| Assignment |
Would you write out the listing verbatim and skip every picture in it?

| Data |
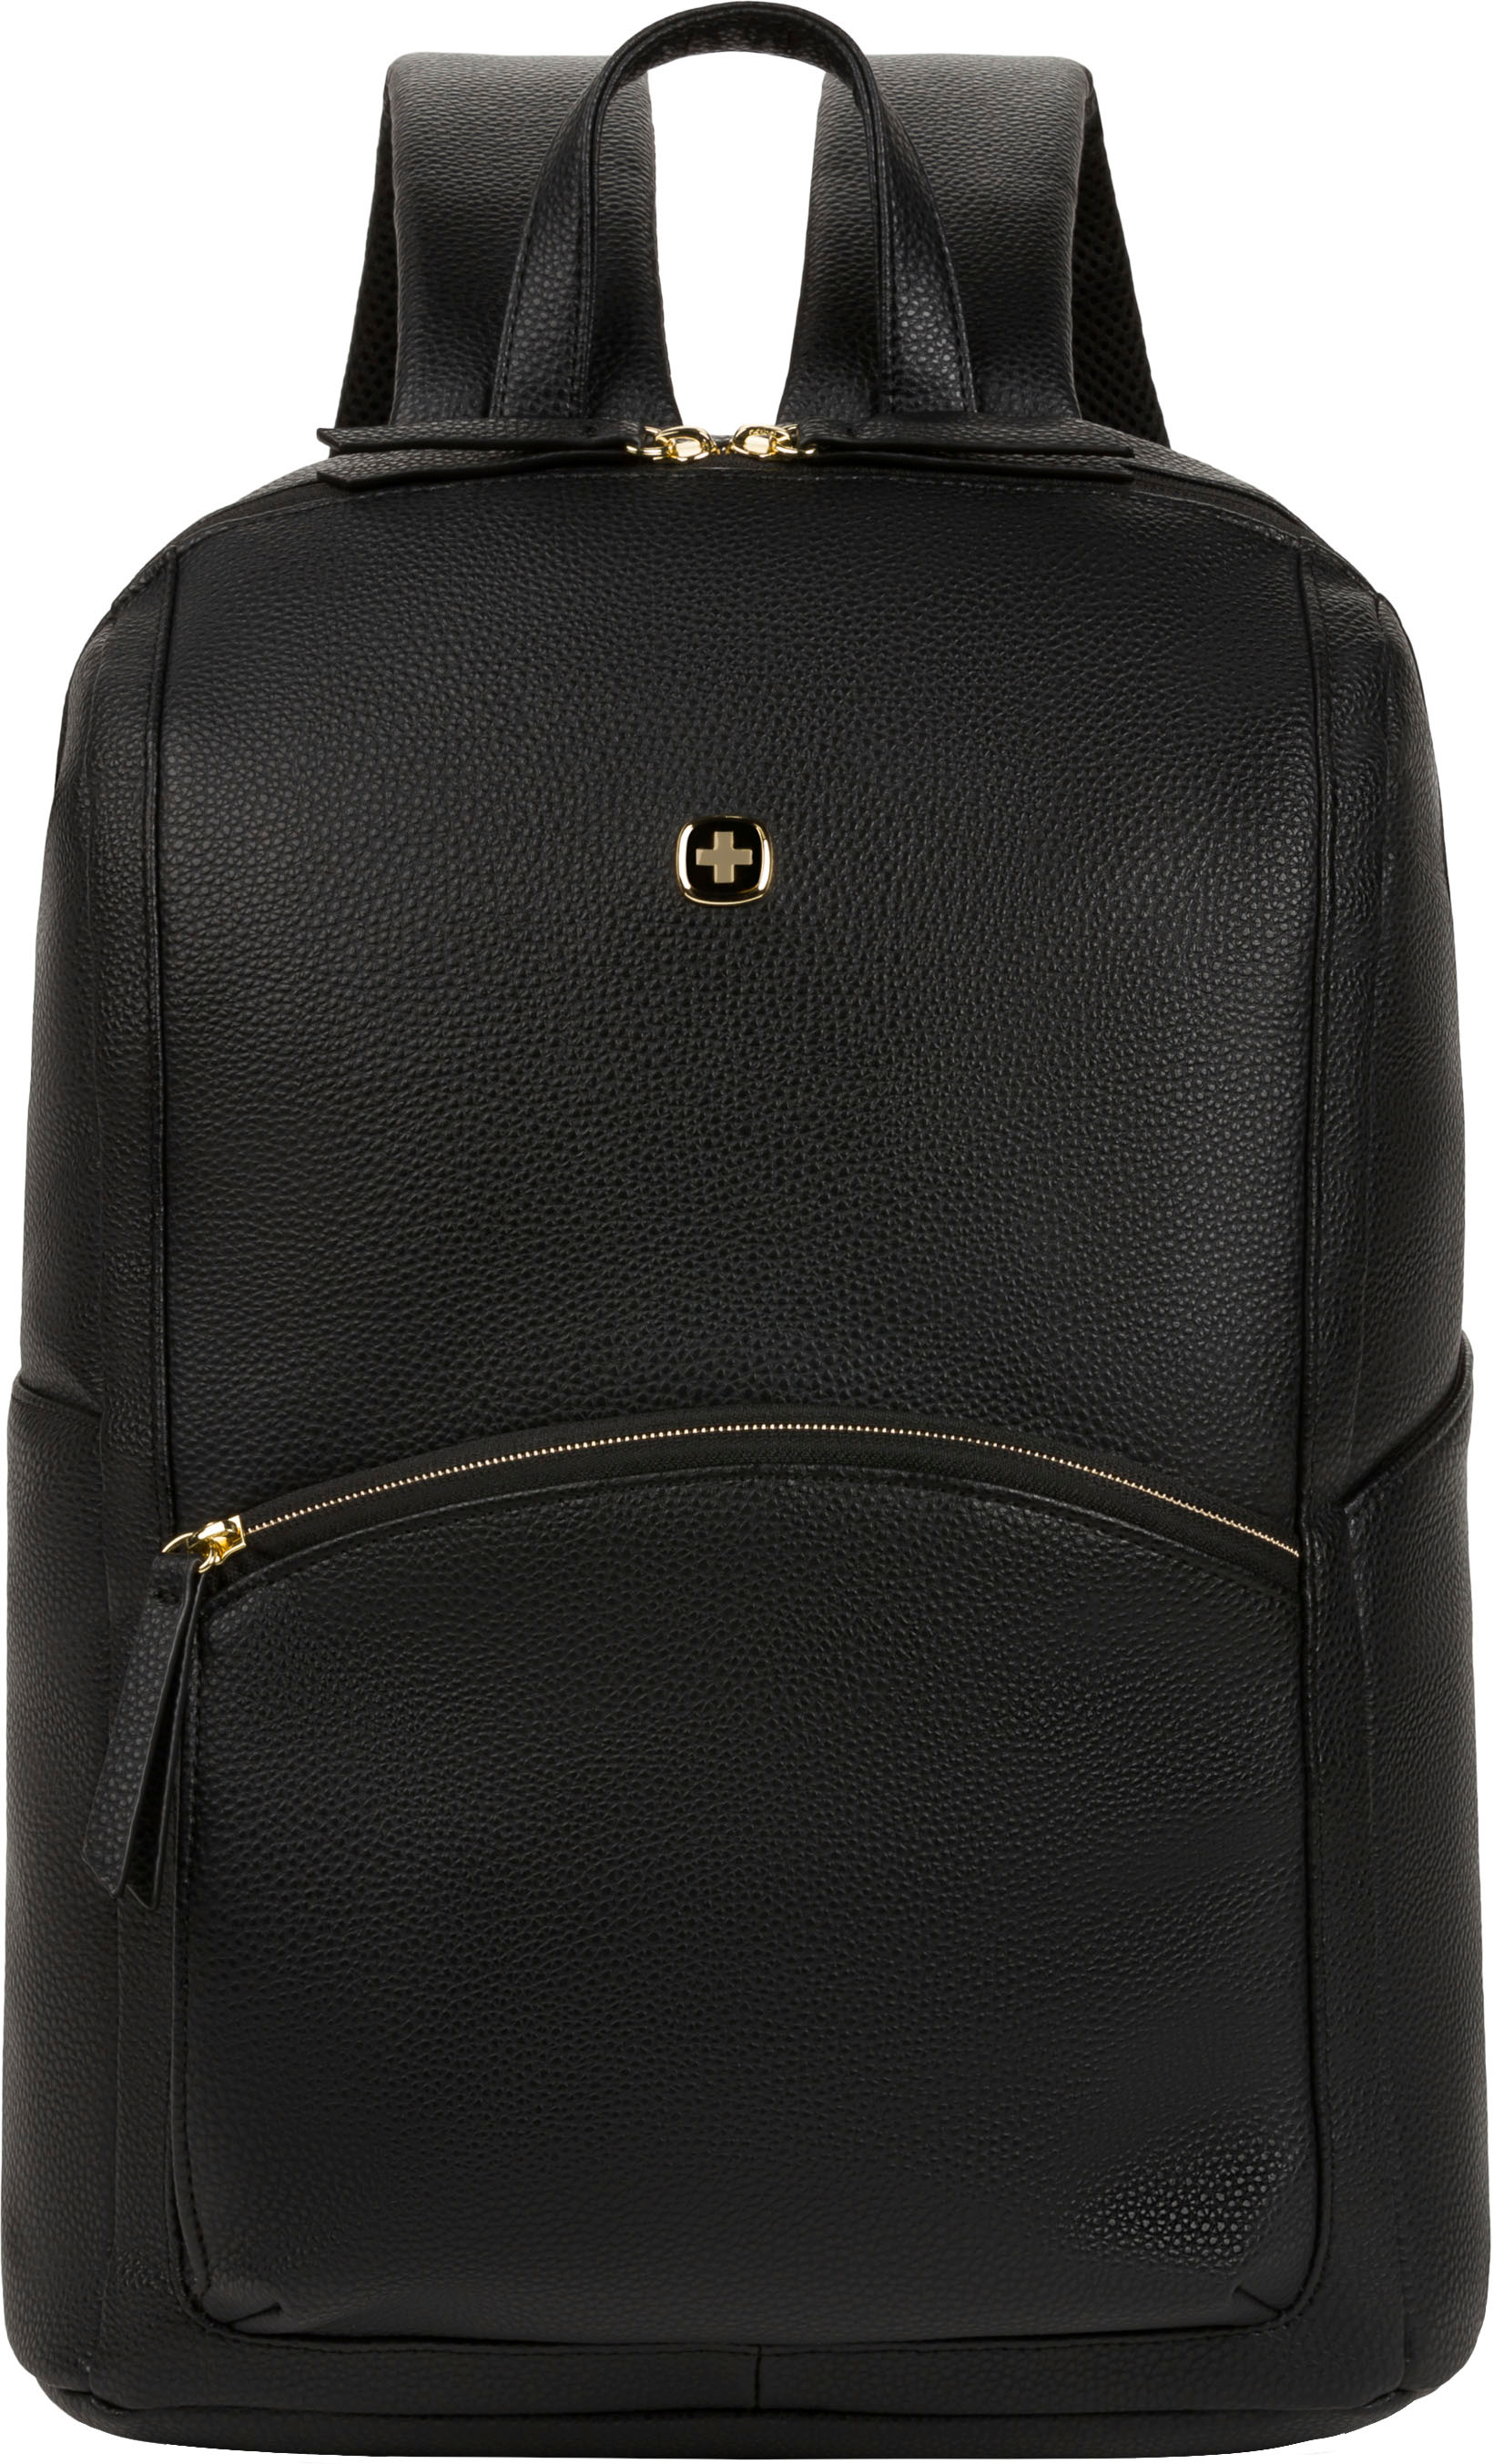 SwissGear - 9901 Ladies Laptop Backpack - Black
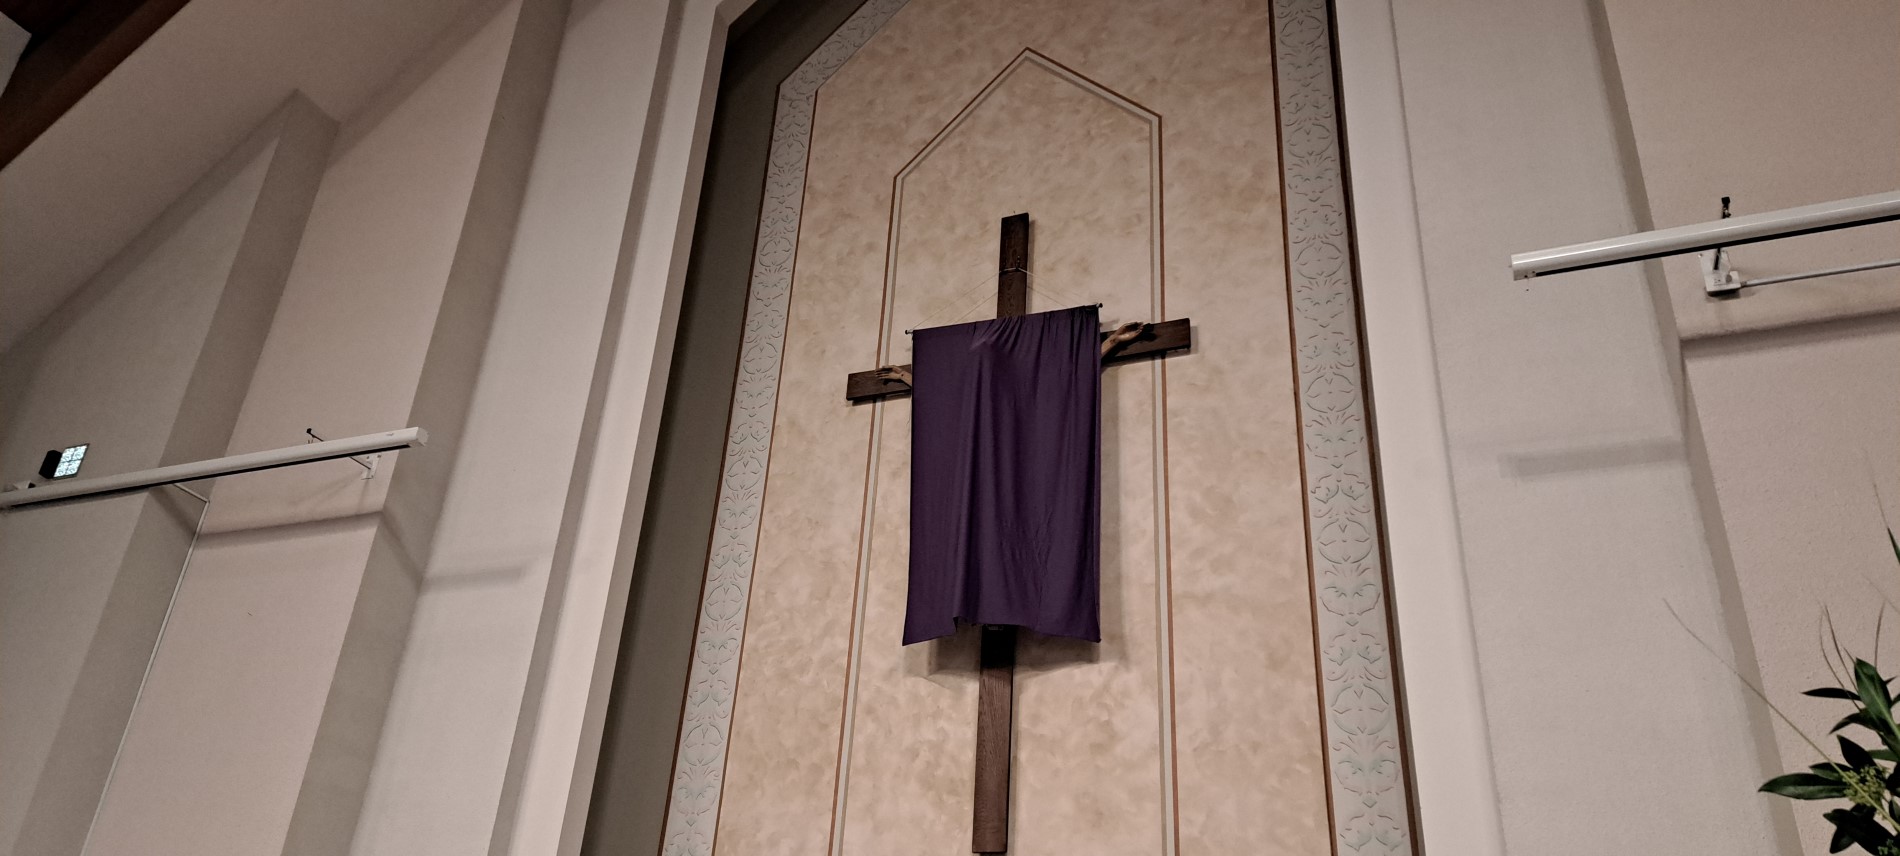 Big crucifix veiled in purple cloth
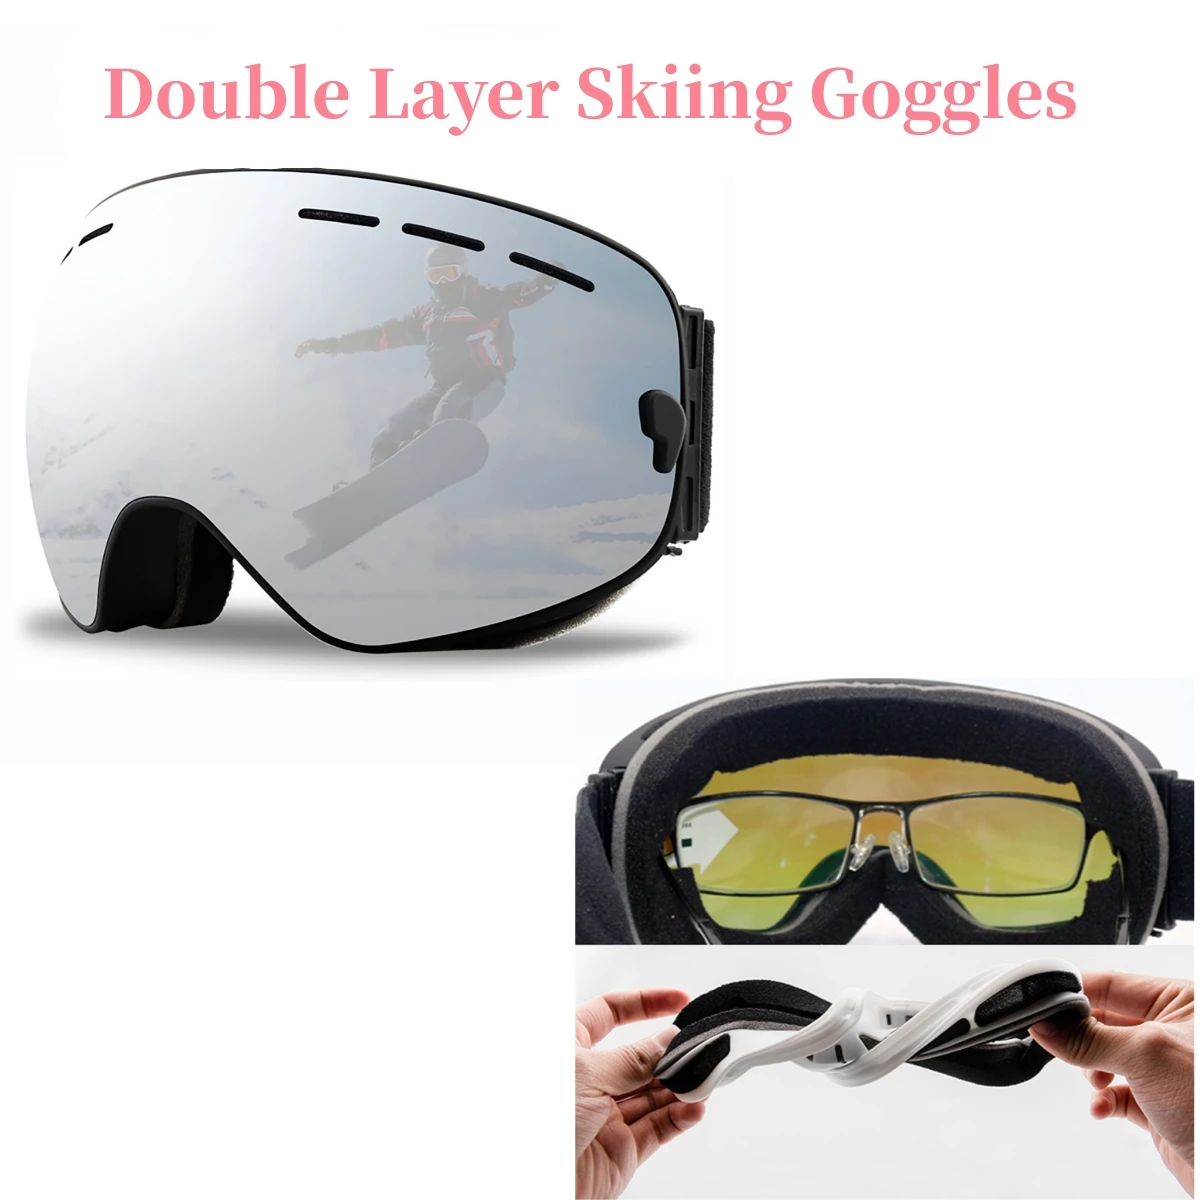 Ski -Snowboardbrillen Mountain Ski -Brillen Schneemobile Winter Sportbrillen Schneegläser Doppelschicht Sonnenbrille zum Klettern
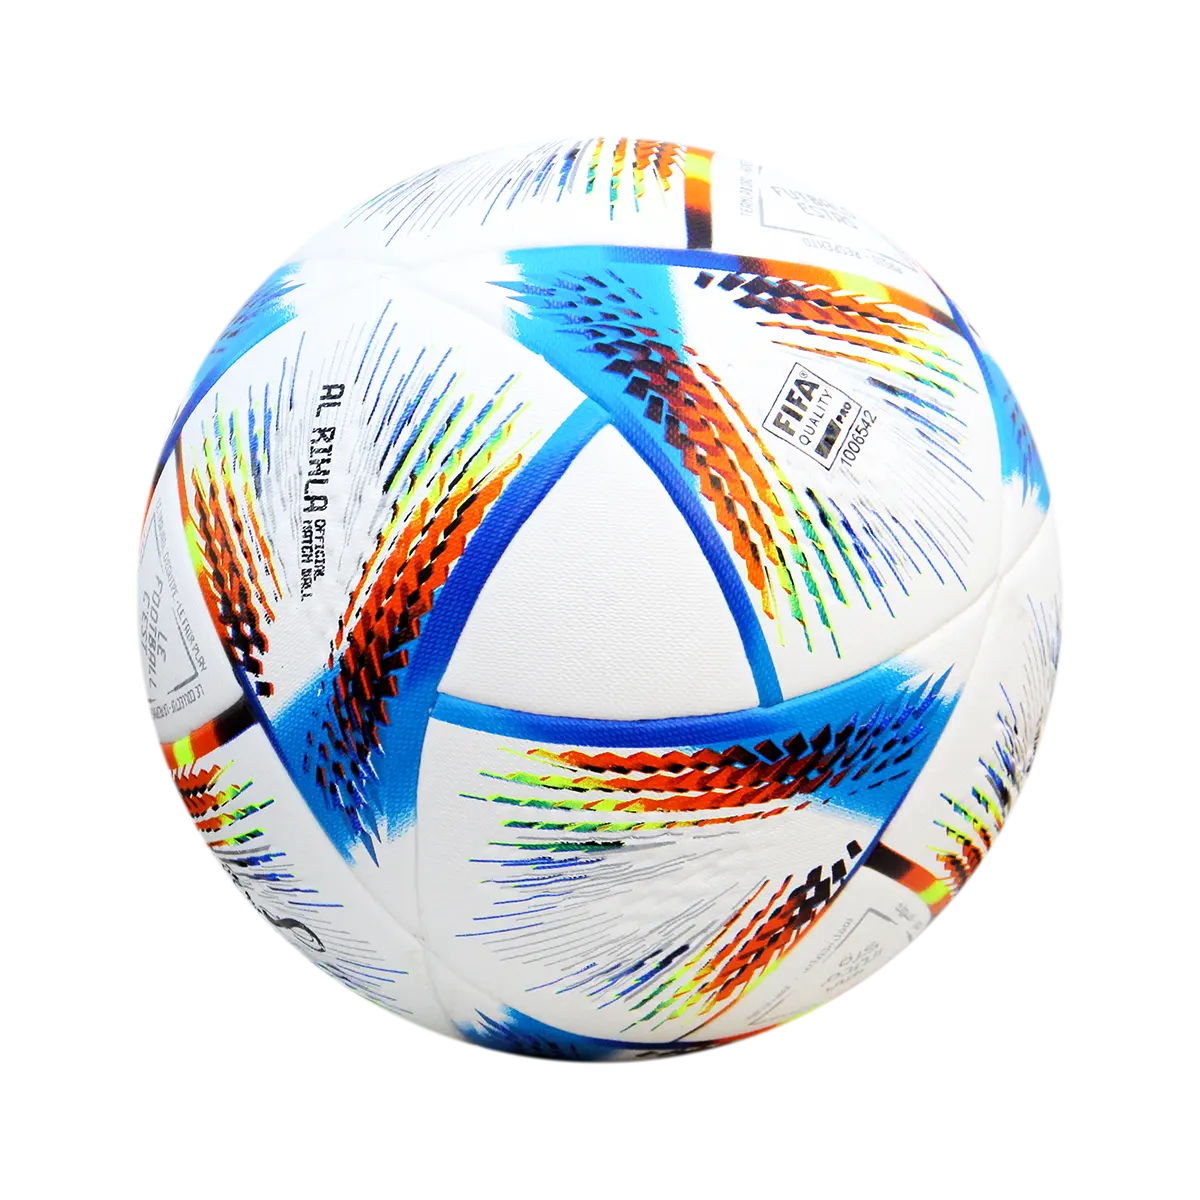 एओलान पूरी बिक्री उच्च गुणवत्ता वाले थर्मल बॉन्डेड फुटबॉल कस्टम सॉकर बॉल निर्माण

| Response area |
 SwissGear - 9901 Ladies Laptop Backpack - Black
 Big crucifix veiled in purple cloth
 Ski -Snowboardbrillen Mountain Ski -Brillen Schneemobile Winter Sportbrillen Schneegläser Doppelschicht Sonnenbrille zum Klettern
 एओलान पूरी बिक्री उच्च गुणवत्ता वाले थर्मल बॉन्डेड फुटबॉल कस्टम सॉकर बॉल निर्माण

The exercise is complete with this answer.